GaN devices for more powerful electronics

The project will focus on developing the next generation of high electron mobility transistors (HEMTs) to be used in power electronics. Power semiconductor devices are used in many different sectors such as automotive applications, military (radar), commercial and high-performance space electronics (base-station transmitters). Gallium nitride is a material that is of interest and is being researched intensively for high electron mobility transistors. What makes GaN appealing is its wide band gap of 3.4eV which means devices can operate at higher temperatures and voltages which in turn makes power electronic modules more efficient. Being able to withstand high temperatures means that the overall cost and size of equipment can be reduced due to the fact that additional components to prevent overheating are not required. The development of these wide band gap semiconductor HEMTs is crucial to reduce power consumption due to their superior efficiency compared to traditionally used silicon devices.
Despite all of these strengths a layer of GaOx on the GaN surface, from reaction with oxygen, can seriously detriment a device.

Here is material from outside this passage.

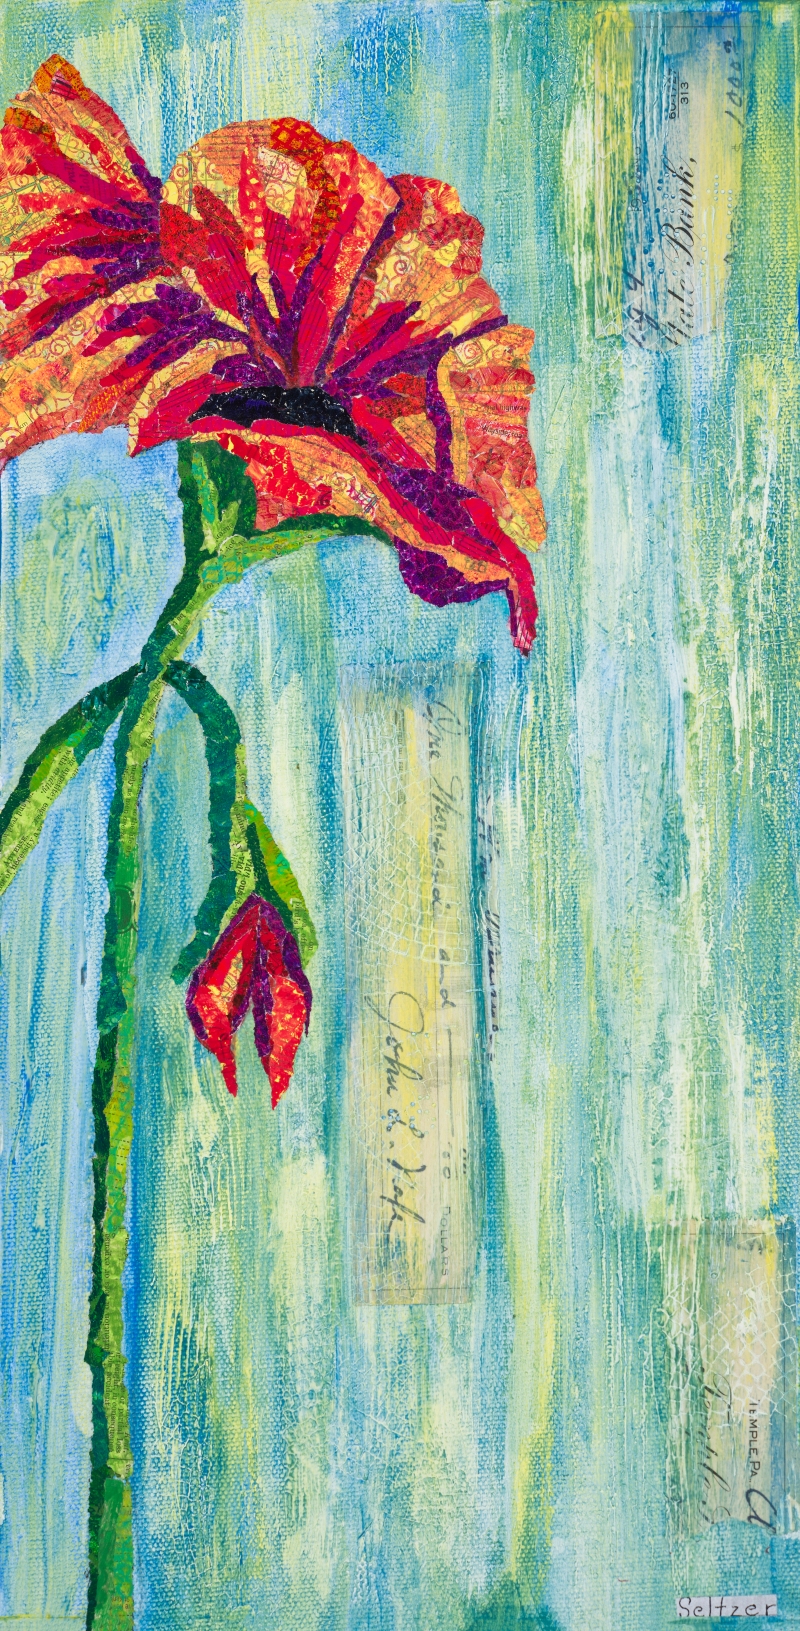 Red flower blue and green background, mono printed torn paper collage mixed media

This is due to surface defects caused by the GaOx layer which cause leakage current and current collapse. To mitigate this issue and enhance device performance a gate dielectric is placed on the HEMT in order to minimise gate leakage current and to reduce current collapse. These structures are called metal insulated semiconductor HEMTs (MIS-HEMTs). Recently high-k dielectrics such as ZrO2, HfO2 , La2O3 and Al2O3 have been of interest as gate dielectrics and all entail trade-offs. Alumina has been extensively investigated due to its large band gap (6.5eV) [1] and large breakdown electric field (5-10MV/cm) [2] but has a downfall of a small dielectric (~9) [3] constant but recently doping of alumina has been investigated to increase the dielectric constant. [4]

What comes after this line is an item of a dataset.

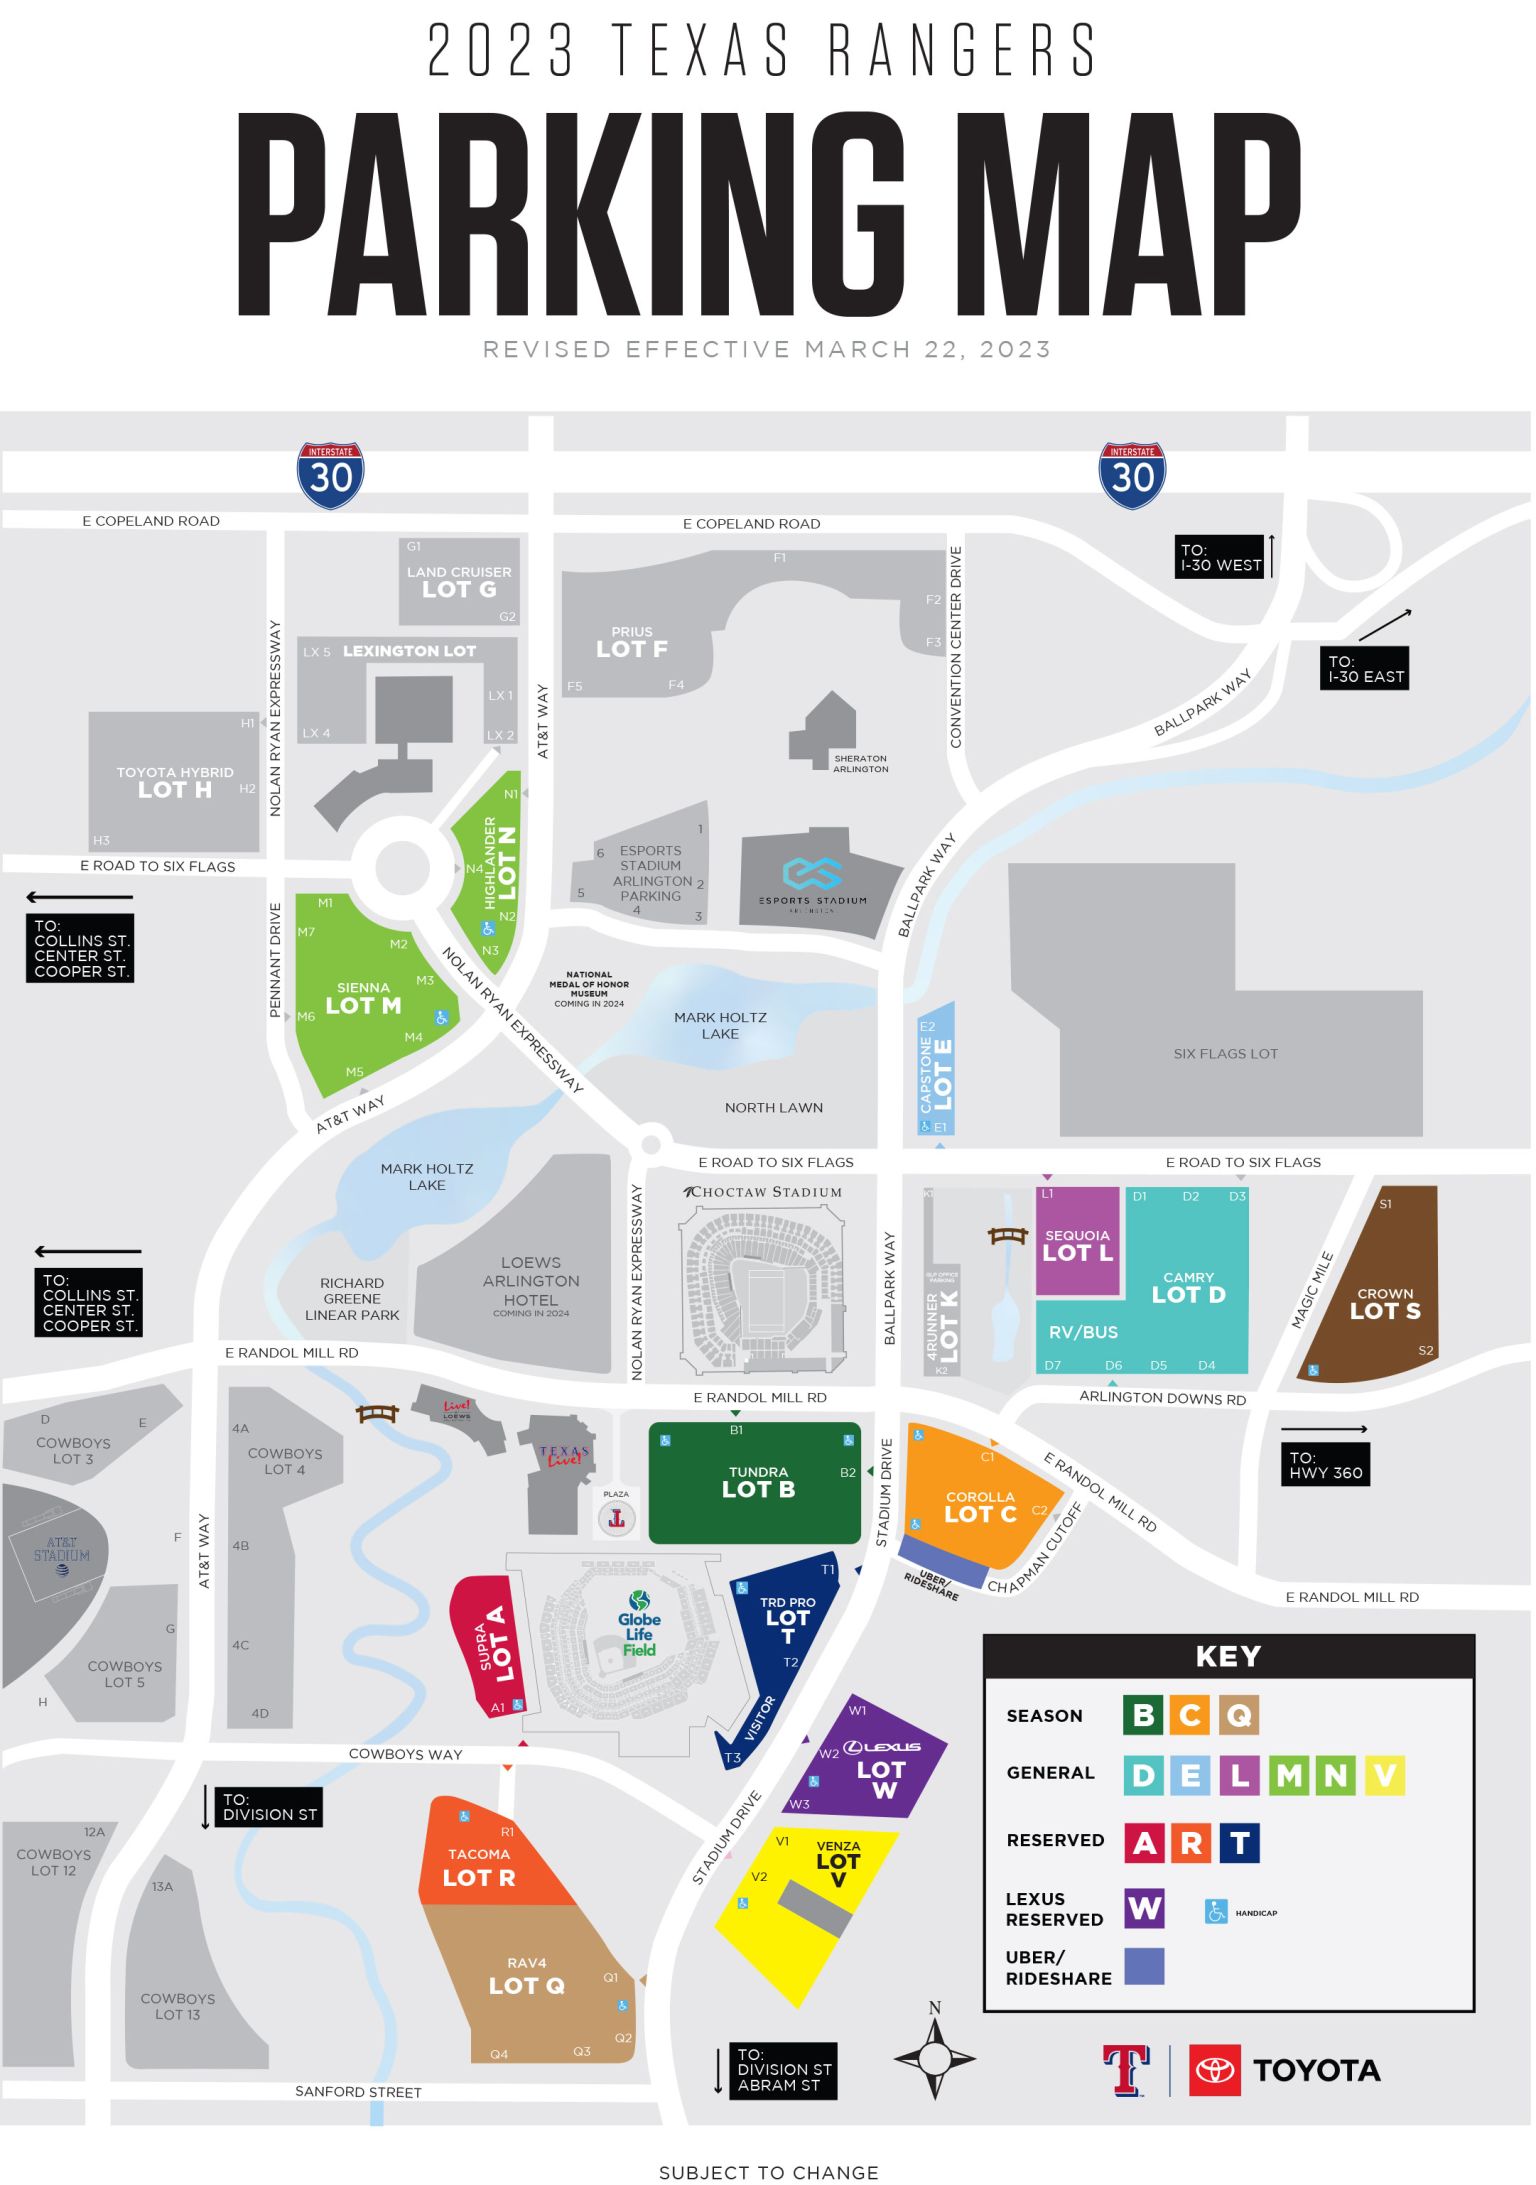 Where to Park at Globe Life Field

The novelty of this project will be to tailor the doping of alumina to achieve nanolaminate dielectric of sufficiently high permittivity, band offsets and low leakage current on GaN, so it can be used for threshold voltage control in e-mode MIS-HEMTs. The gate dielectrics will be deposited using atomic layer deposition (ALD). X-ray photoelectron spectroscopy (XPS) and inverse photoemission spectroscopy (IPES) will be used for band alignment characterization, XPS for interface quality by looking for oxides or intermixing between layers, spectroscopic ellipsometry for optical constants, band gap measurements (if they agree with XPS and IPES) and calculate the thickness of layers. CV measurements will be used to find the dielectric constant of deposited dielectric layers and any hysteresis caused by electron trapping and IV measurement to measure the electrical characteristics of the devices.

[1] Bersch E, Rangan S, Bartynski R, Garfunkel E, Vescovo E. Band offsets of ultrathin high-k oxide films with Si. Physical Review B. 2008;78(8).
[2] Lin H, Ye P, Wilk G. Leakage current and breakdown electric-field studies on ultrathin atomic-layer-deposited Al2O3 on GaAs. Applied Physics Letters. 2005;87(18):182904.
[3] Chang Y, Huang M, Chang Y, Lee Y, Chiu H, Kwo J et al. Atomic-layer-deposited Al2O3 and HfO2 on GaN: A comparative study on interfaces and electrical characteristics. Microelectronic Engineering. 2011;88(7):1207-1210.
[4] Partida-Manzanera, T., Roberts, J., Bhat, T., Zhang, Z., Tan, H., Dolmanan, S., Sedghi, N., Tripathy, S. and Potter, R. (2016). Comparative analysis of the effects of tantalum doping and annealing on atomic layer deposited (Ta2O5)x(Al2O3)1-x as potential gate dielectrics for GaN/AlxGa1-xN/GaN high electron mobility transistors. Journal of Applied Physics, 119(2), p.025303.